Шрифт
Source Sans Pro
Размер шрифта
18
Цвет фона
«Человек смертен, и это было бы еще полбеды. Плохо то, что он иногда внезапно смертен, вот в чем фокус!»
Часть I
Глава 1
И
У окончании переходной тропы, преграждая дорогу грузовику, о чём мог бы думать человек?
Об убегании? Об освобождении миром?
О ничего?
«О чёрт! – пауза, тишина в голове на одинокой улице; даже мысли остановились. – Дай мне силы закончить…»
Точно не о колесах, которые неестественно подпрыгивали, обращенные в брюкву.
Точно не о человеке за рулем.
Точно не о себе?
– О боги! – пауза, хор чувств на безлюдной улице; холодный жар поднялся изнутри. – Претрясно… Нас теперь трое…

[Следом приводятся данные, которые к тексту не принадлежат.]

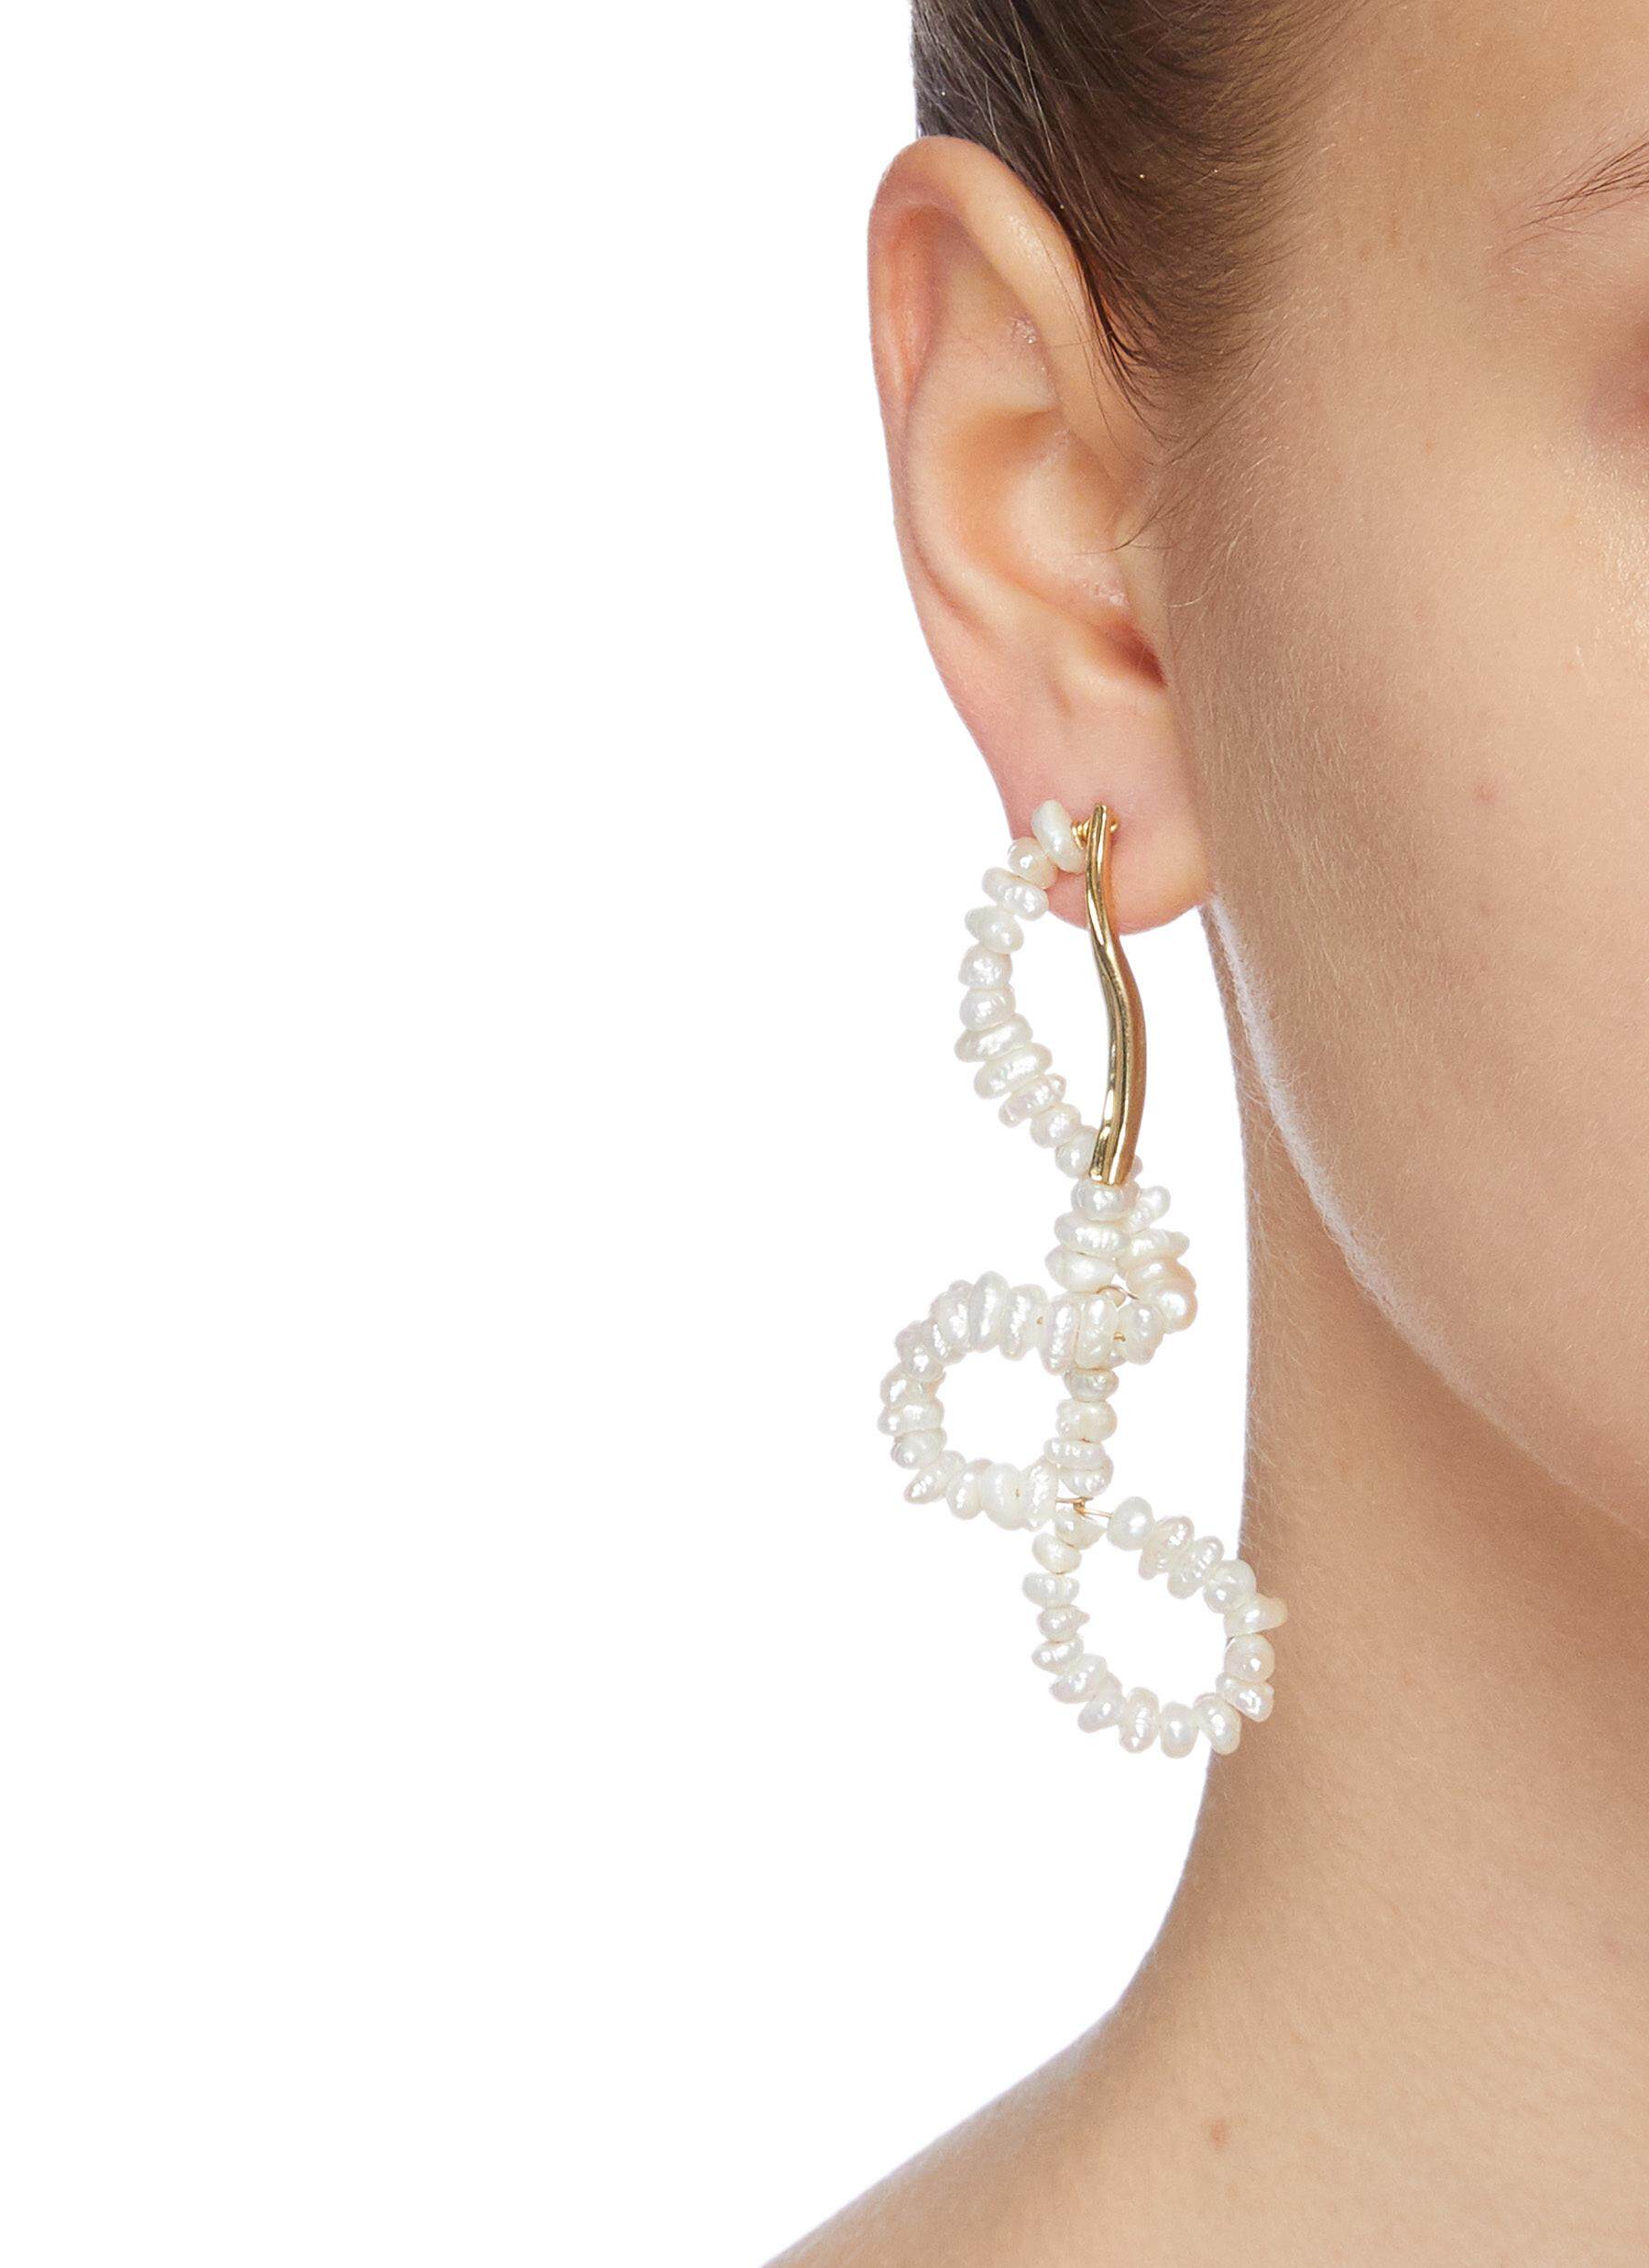 寓意「圓滿」的珍珠是結婚禮物首選 $3000以下珍珠耳環推介

В голове, но не мысль, родилось восклицание у человека.
А грузовик не думал останавливаться. Но брюквенные колёса раскололи дорогу надвое, и машина в шаге от человека съехала с тропы. Неожиданно для никого врезалась в столб. Разлетелась хрусталем.
И человек, не рискуя более стоять как столб, развернул с городской тропы и спотыкаясь пошел прочь.

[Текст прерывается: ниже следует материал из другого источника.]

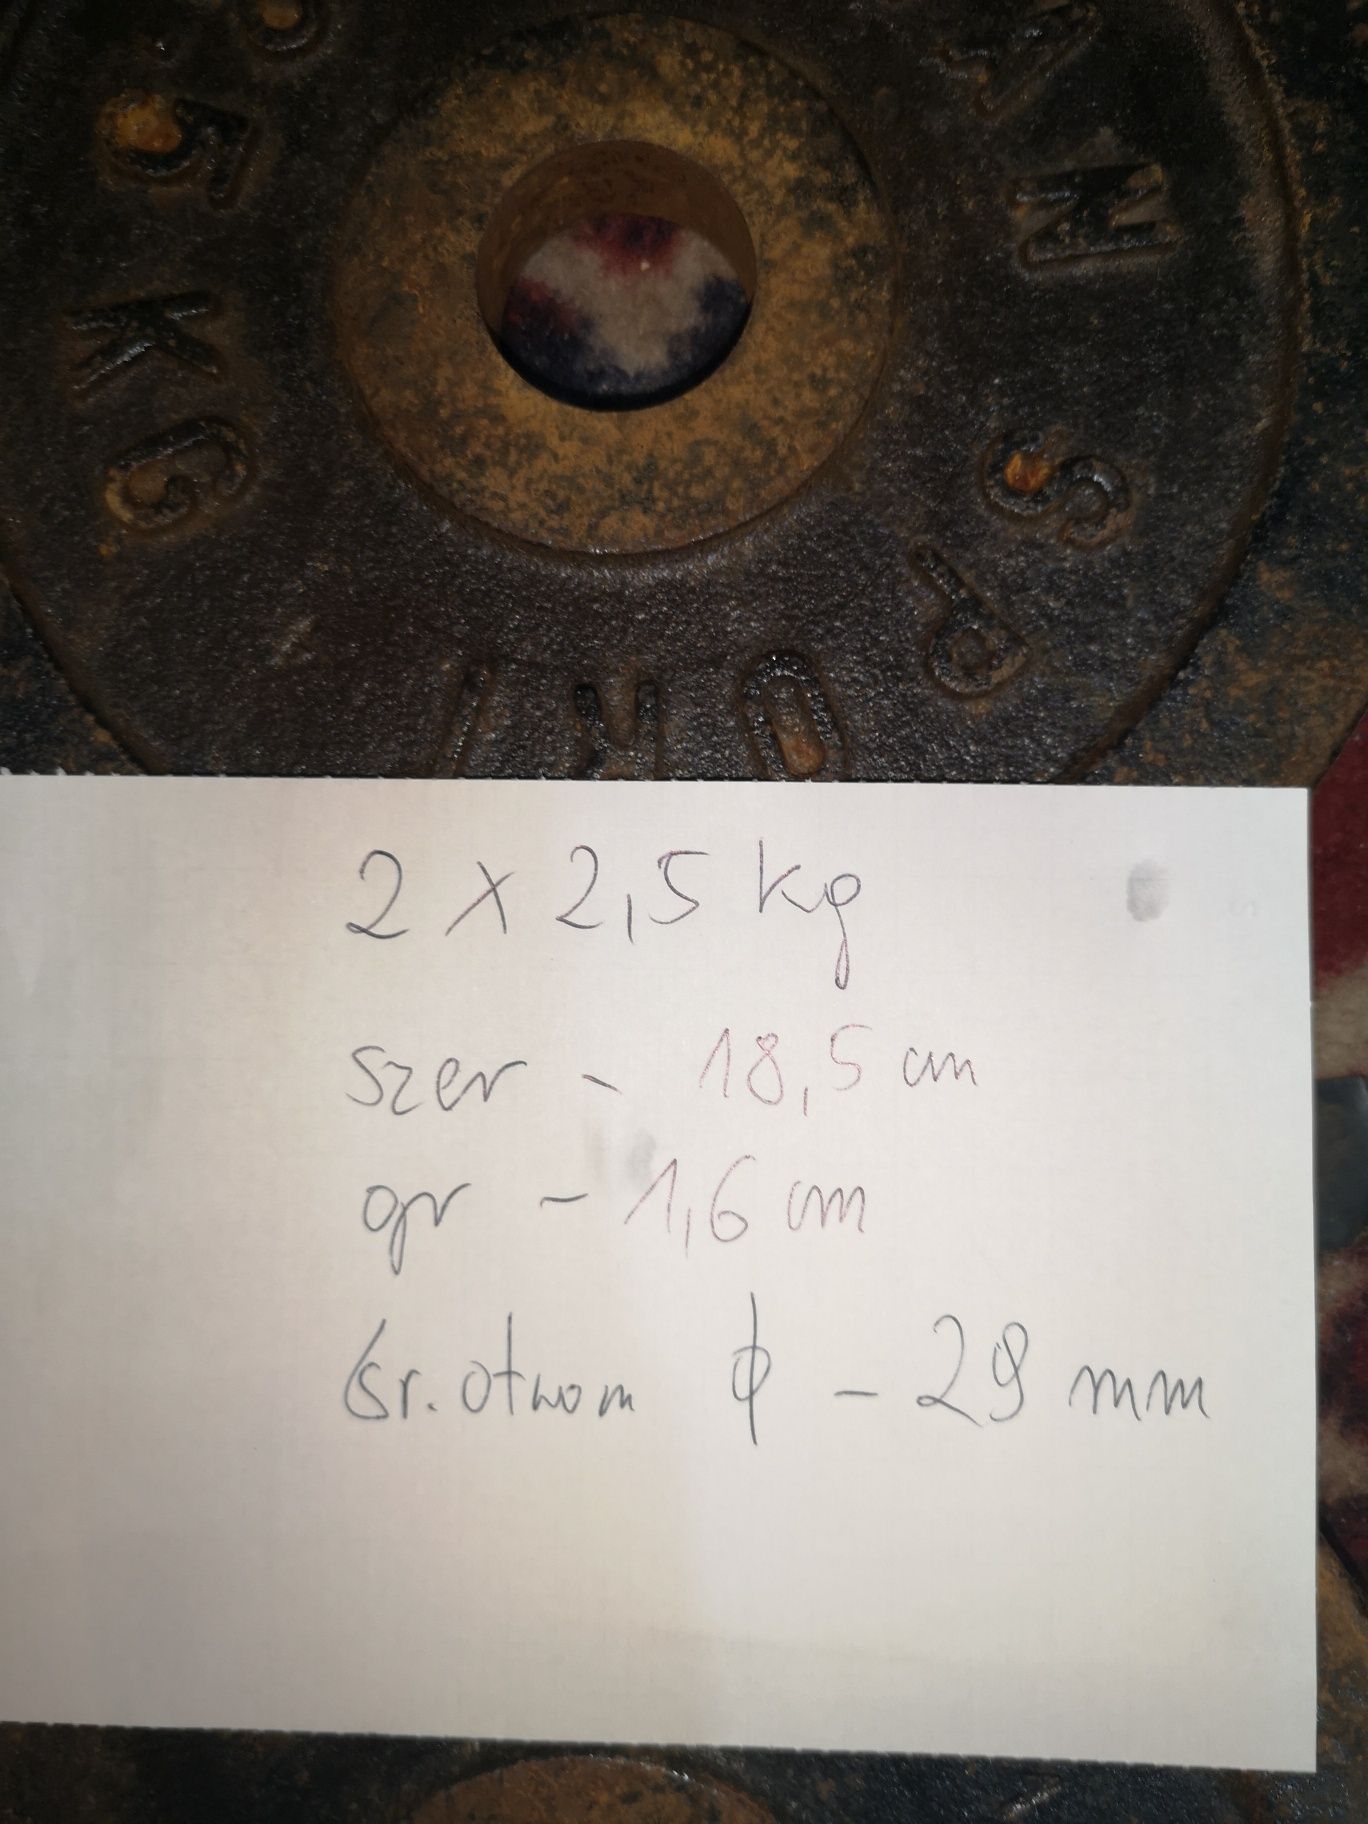 Obciążenie żeliwne 2x2.5 kg

Это был ‘Идиом Хатен’’’-Рид, кто крутил головой, не думая о том, что произошло. Единственная прядь на поле ночных волос, цвета молодой сирени, спадала к молочным губам и колебалась.
И будто прошлое не произошло, он достал из серых брюк телефон, припоминая тропу к другому магазину продуктов, и проверил баланс на карте: незначительный.

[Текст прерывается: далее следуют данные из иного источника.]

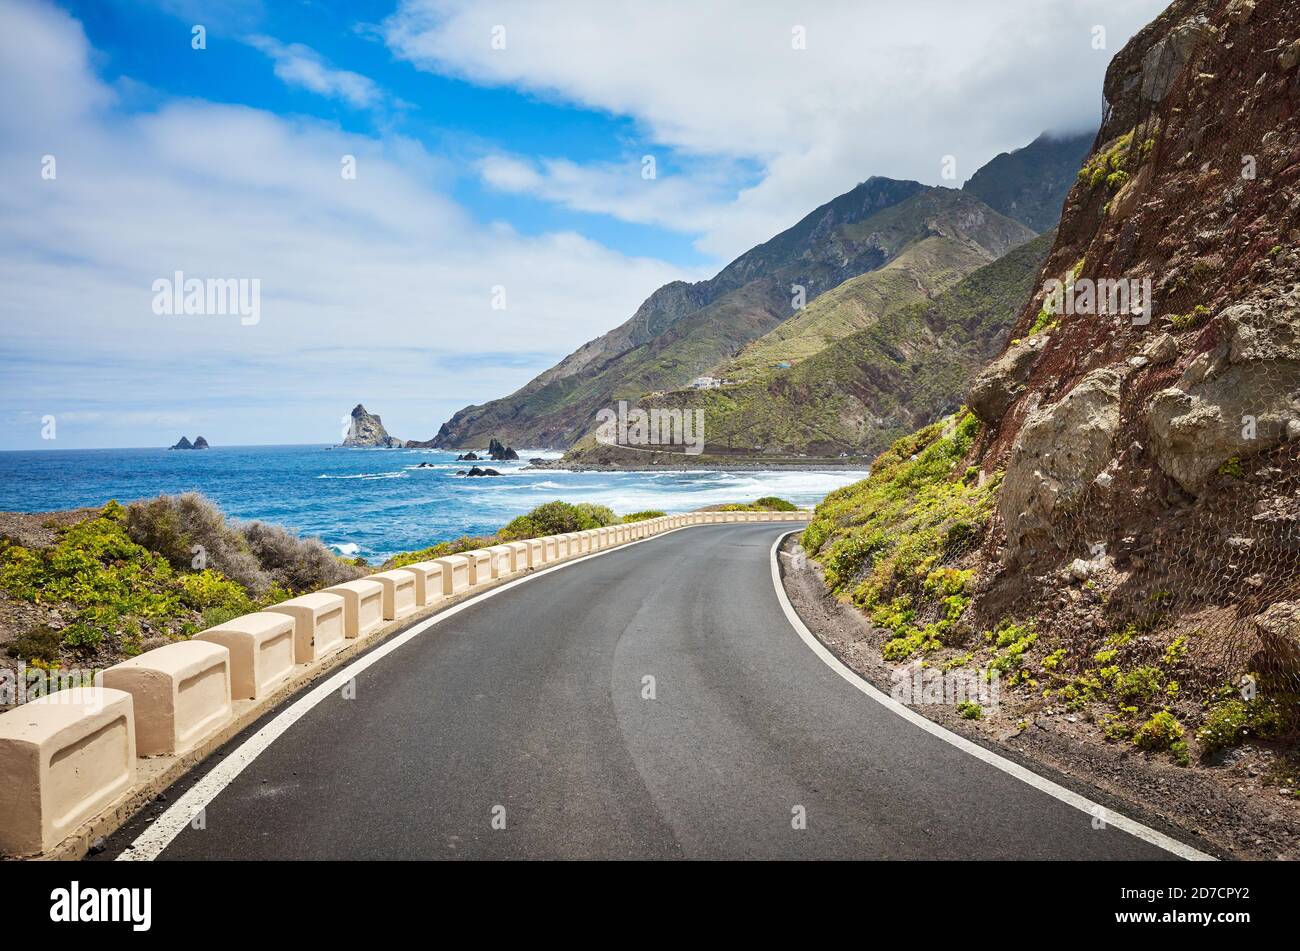 Landschaftlich schöne Meerstraße am Macizo de Anaga Gebirge, Atlantikküste von Teneriffa, Spanien. Stockfoto

– Что это за светящийся камень?
Родилась немысль и озадачила ‘Идиома, поскольку он старался не думать. Он подумал, что от ударов сердца разум шутит над ним, но немысль отшутилась:
– Коли был бы у тебя разум, ты бы не лез под… Не-знаю-что…
Немысль хоть и рождалась в голове человека, но звучала едва ли ему однородно. Скрип по металлу, отлитому из забытого солнца, наполнял слова.
‘Идиом, стараясь не думать больше, подумал: «Может, стоит есть меньше?»
– Эй, кусок глины, ты в своем уме?
«Не в моем ж?» – подумал с разочарованием ‘Идиом.
– А что, в моем что ли? В моем не так пусто. Я даже сначала подумал, что тут людей забыли душой наделить.
– Тут это где? Во мне?
– Нет, пустая голова, в мире вашем. Ты вообще от мира сего?
– Наверное, а ты откуда? – на безлюдной улице прохожий, титан без лица, втоптал взглядом ‘Идиома и прошел мимо.
– Из-за тропа. Можешь не говорить вслух со мной, похоже, у вас это диковинно.
Опомнившись, ‘Идиом посмотрел за плечо: улица, очень широкая и одинокая, но рябь на луже напоминала о людях. Он ударил себя по лбу и вжался в пустую грудь.
«И как ты оказался во мне? И что тебе надо от меня?»
– Как? Это глупый вопрос, а вот что… Помоги освободиться.
«Как?»
– Очень просто: вырасти брюкву.
«Брюкву? Ты голодный что ли?»
– Не я… И брюква не для еды. Даже если бы я хотел тебе рассказать, то ты всё равно не понял бы.
«Едрена вошь, у меня денег почти не осталось, чтоб брюкву не для еды покупать.»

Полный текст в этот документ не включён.